How to Breathe Properly – Breathing Exercises and Techniques

How to Breathe Properly
How to Breathe Properly

As babies, we all knew how to breathe properly. But as we grew older, leading a stressful lifestyle can cause us to lose that ability. As a result, most of us breathe in a dysfunctional way. Dysfunctional breathing can make us feel winded during physical and mental exertion. And one reason for feeling fatigue is not getting enough oxygen through our breath. The good news is, it’s easy to rectify this situation through breathing exercises to learn how to breathe properly again.

How to Breathe Properly

Benefits of Breathing Properly

• Reduces Stress

Breathing exercises are an effective way to reduce stress. It just requires practice and commitment on your part in order to achieve results. Shift your awareness to your breath whenever you’re facing a stressful situation. The long-term benefits of proper breathing are well worth the effort; a person with a relaxed body and mind is less prone to health issues.

• Clears the Mind

Paying too much attention to negative thoughts can cause anxiety and unhappiness. Breathing influences physiology, moods, and thought processes. If you’re feeling a bit anxious and need something to calm you down, focusing on breathing can help you relax and bring clarity to your mind.

• Enlightenment

How to Breathe Properly
How to Breathe Properly

Breathing is an important aspect of yoga and meditation. You can achieve an enlightened state by just paying attention to the rising and falling of your breath. Focus on breathing in and breathing out, and feel what it’s like to be dimensionless. By doing so, you can relax and change your state of awareness.

Breathing Exercises

1. Stimulating Breath

This exercise is adapted from yoga breathing techniques, with the goal of raising energy and alertness.

  1. Inhale and exhale quickly through your nose with your mouth closed. Your in and out breaths should be as short as possible but equal in duration. This breathing exercise can be noisy.
  2. Try for 3 in and out breath cycles/second.
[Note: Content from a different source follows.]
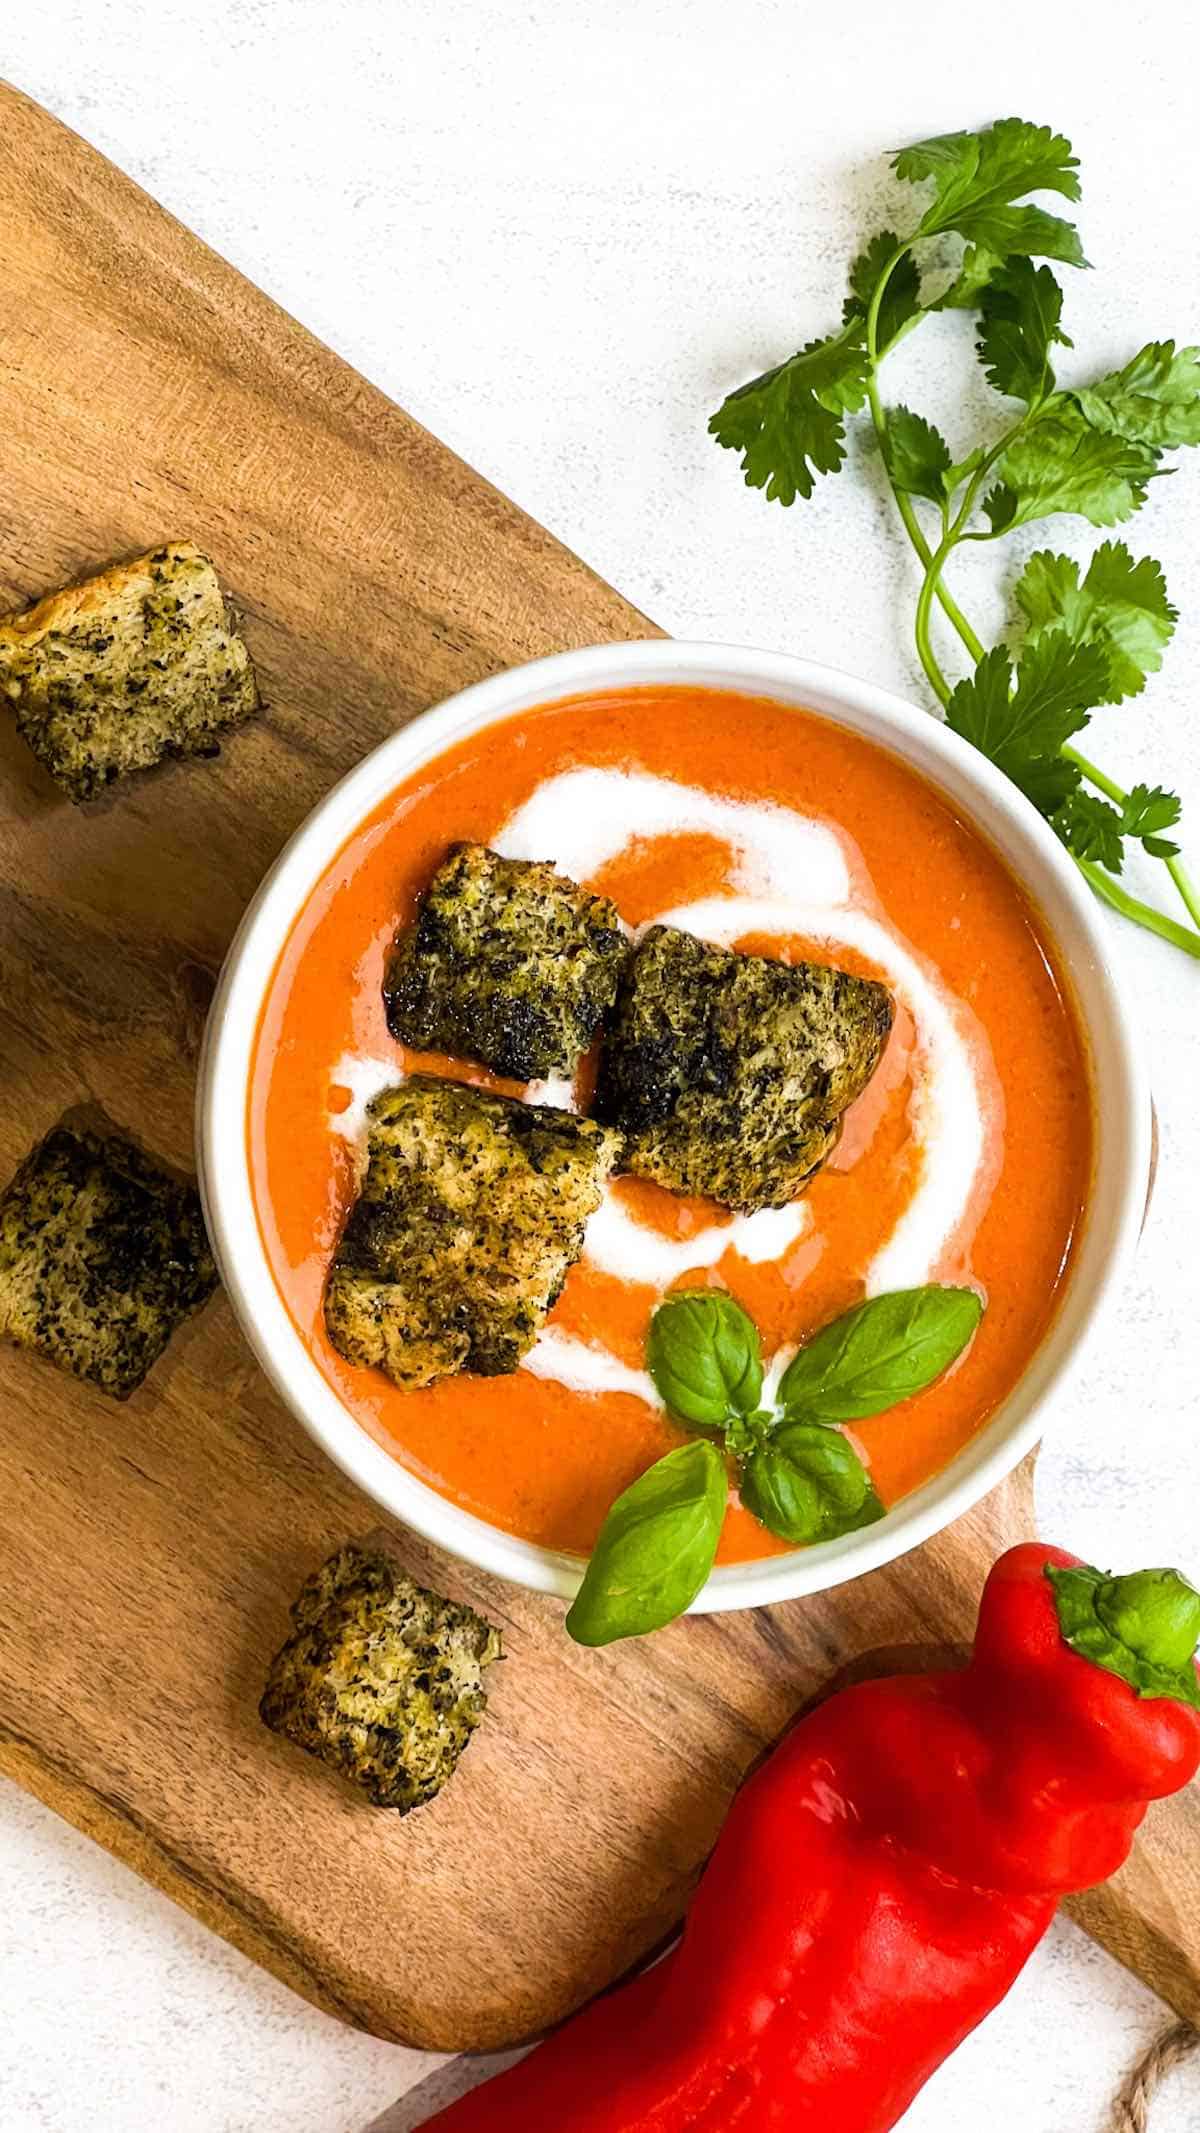 Rich and comforting roasted red pepper soup with nori croutons

This produces a fast movement of the diaphragm. Breathe normally after every cycle.

On your first try, do not do more than 15 seconds. Each time you do this breathing exercise, you can increase the time by 5 seconds until you reach one minute.

If done properly, the Stimulating Breath will make you may feel invigorated, comparable to the feeling you get after a good workout. Try this breathing exercise the next time you want an energy boost.

2. 4-7-8 Exercise

The 4-7-8 exercise is simple, doesn’t require any equipment, and can be done anywhere. Sit with your back straight. You’ll be exhaling through your mouth.

  1. Exhale completely thru your mouth, creating a whoosh sound.
  2. Close your mouth and inhale slowly through your nose to a count of 4.
  3. Hold your breath to a count of 7.
  4. Exhale thru the mouth, creating a whoosh sound to a count of 8.
  5. This is one breath. Inhale again and repeat the cycle 9 more times for a total of 10 breaths.

With this breathing exercise, inhale quietly thru the nose and exhale audibly thru the mouth. Exhalation will take twice as long as inhalation. If you’re finding it difficult to hold your breath, you can speed up the exercise but keep the ratio of 4:7:8. After a while of doing this exercise, you’ll notice your lung capacity increases and you will be able to hold your breath longer.

This exercise is subtle at first, but gains in strength with repetition. Do this twice a day. If you feel lightheaded the first time you try it, don’t be too concerned; it will pass. Once you master this technique, you can use it whenever you’re under stress. You can also use it to help you sleep better.

3. Breath Counting

Breath counting is a simple technique used in Zen practice. Sit with your spine straight and your head slightly inclined forward. Close your eyes and take some deep breaths. Breathe naturally, quiet and slow.

  1. To begin this exercise, count to 1 as you exhale.
  2. Next time you exhale, count to 2, and so on up to 5.
  3. Afterwards, begin a new cycle, counting 1 on the next exhalation.

Count only when you exhale. Try to do 10 minutes of this breathing exercise.

Conclusion

Breathing is something that we can control and regulate. Try these breathing exercises to reduce stress, clear your mind, and help you achieve enlightenment. They are easy to perform and can be done anywhere. Within a few days of doing these exercises, you will start to notice positive effects on your physical and mental health.